Disamping kejakinan akan besarnja pengaruh Pantja-sila pada mereka, jang ingin terus menguasai kita, hendak-nja kita insjafi pula, bahwa Pantja-sila itu memberi kekuatan jang besar kepada kita sendiri, untuk meneruskan perdjuangan kita, jang kita insjafi sebagai perdjuangan, jang sutji, djudjur dan bidjaksana, sebagai perdjuangan jang ber-Pantja-sila dan oleh karenanja ta' dapat di-alahkan oleh kekuatan apapun di dunia ini. Sekali lagi: „Sura dira djajaning rat, lebur déning pangastuti". Tuhan selalu ada pada kita! Tuhan ta' akan membiarkan meradjalelanja augkara - murka, baik jang bersifat imperialisme maupun kapitalisme! Sebaliknja, ta akan Tuhan memperbaiki hidup manusia, kalau manusia itu tidak sanggup berdjuang untuk memperbaiki nasibnja sendiri. Bukankah ini adjaran, jang berkali-kali dipeladjarkan oleh Presiden kita Bung Karno, jang banar² mendjadi bekal jang utama didalam kita melaksanakan perdjuangan kita? Mengertilah kita, untuk apa si-pentjipta Pantja-sila meletakkan „Ketuhanan” sebagai sila jang pertama. Dengan pertjaja akan adanja kekuasaan jang maha-agung, maha-kuasa, maha-adil, maha-kasih dan maha-murah, maka seolah olah kita manusia dengan sendiri kemasukan sifat2 ke-Tuhanan itu. Dari manusia jang lemah, kita mendjadi manusia jang kuat. Ketakutan atau kebimbangan hati lalu lenjaplah. Dan kalau kita dari „manusia takut” mendjadi „manusia berani”, maka itu disebabkan karena kita merasai benarnja perdjuangan kita. Berani karena benar! Keinsjafan ini pun memperkuat djiwa kita.

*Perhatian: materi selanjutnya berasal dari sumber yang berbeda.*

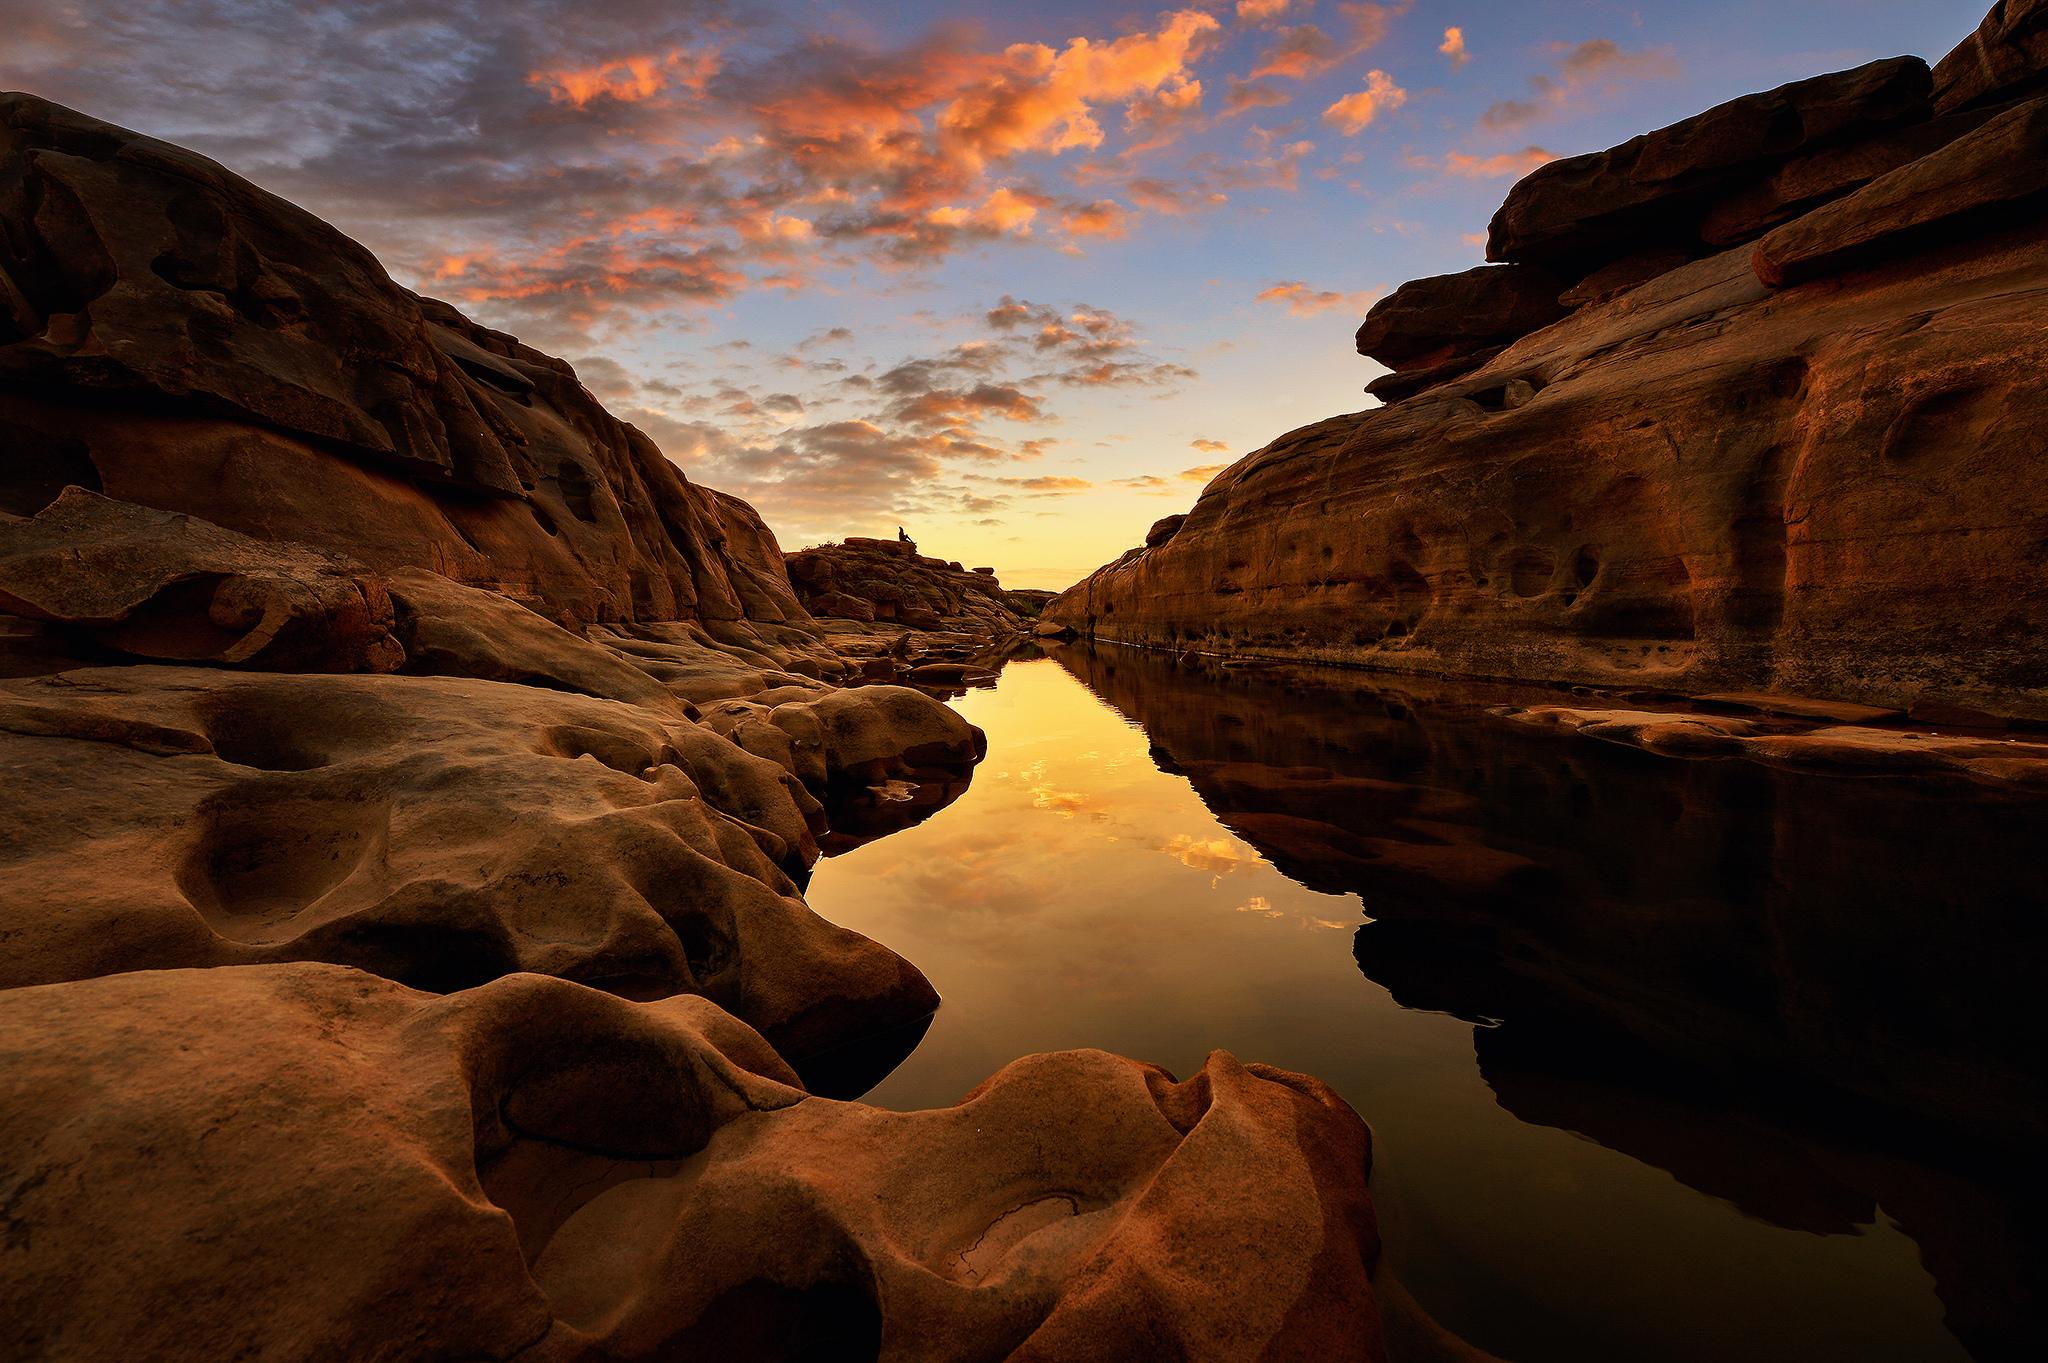 природа горы скалы река отражение nature mountains rock river reflection без смс

Disamping perasaan benar, Pantja-sila memberi bekal jang sangat berharga pula. Rasa „Kebangsaan” sebenarnja adalah „rasa diri”, tetapi rasa diri jang telah diperkuat setjara lipat ganda, karena telah dipersatukan dalam hubungan kemasjarakatan bersama. Sebagai „rasa-diri-sebangsa” maka kesedaran kebangsaan itu berarti tulang - punggungnja rasa kemerdekaan diri. Rasa - kebangsaan tidak sadja memberi keinsjafan tentang hak2 atas kemerdekaan bangsa, pun segala kewadjiban nasional lalu kita rasai setjara murni, sutji dan kuat, teristimewa kewadjiban untuk mempertahankan kemerdekaan nusa dan bangsa.
„Kedaulatan Rakjat”, ja'ni „Demokrasi” sebagai sila jg ke 4 mengadjarkan pada kita, bahwa didalam menentukan nasib bersama, djanganlah hanja satu - dua golongan, lebih2 djanganlah hanja satu, dua orang sadja jang bertanggung djawab, namun seluruh anggauta masjarakatlah, rakjat seluruhnjalah jang harus pegang kedaulatan. Kemauan rakjat seluruhnja, itulah jang harus dilaksanakan dengan tjara jang sebaik-baiknja, jaitu oleh orang-orang jang tjakap dan djudjur dan . . . . . jang dapat kepertjajaan dari rakjat. Pelaksanaan itu harus diwudjudkan dengan djalan perwakilan rakjat, jang dibentuk setjara demokratis, jaitu rata dan adil.
Perwakilan jang rata dan adil, kata saja; pembatasan ini perlu agaknja, karena kerap kali kedjadian, ada perwakilan rakjat, namun tidak mewakili semua golongan, atau tidak nampak sebagai perwakilan jang merata, tetapi sebenarnja (karena jang membentuk hanja satu-dua golongan) lalu tidak dapat memenuhi rasa keadilan umum. Itulah sebabnja, untuk dapat menentukan kemauan rakjat jang sebenar-benarnja, perlulah adanja tjara pemungutan suara jang dapat memperoleh suara rakjat itu jang se-rata2-nja.
Sila jang ke-2 dan ke-5, a'ni „Perikemanusiaan” dan „Keadilan Sosial”, bolehlah dipandang sebagai „dasar” dan „isi” Pantja - sila. Sebagai dasar maka „Perikemanusian” tidak sadja memberi segala kemungkinan untuk memperluas serta memperdalam haluan - kenegaraan kita, namun Perikemanusiaan” itu mendjamin tetap adanja sifat keluhuran budi dalam azas - azas serta tudjuan kenegaraan dalam Republik kita. Ta' usah didjelaskan disini, bahwa „Keadilan - Sosial” pun membuka segala kemungkinan serta memberi djaminan pula tentang berbagai kepentingan rakjat seluruhnja, baik jang. bertali dengan penghidupan dalam masjarakatnja, maupun jang berkenaan dengan hidup kebatinannja.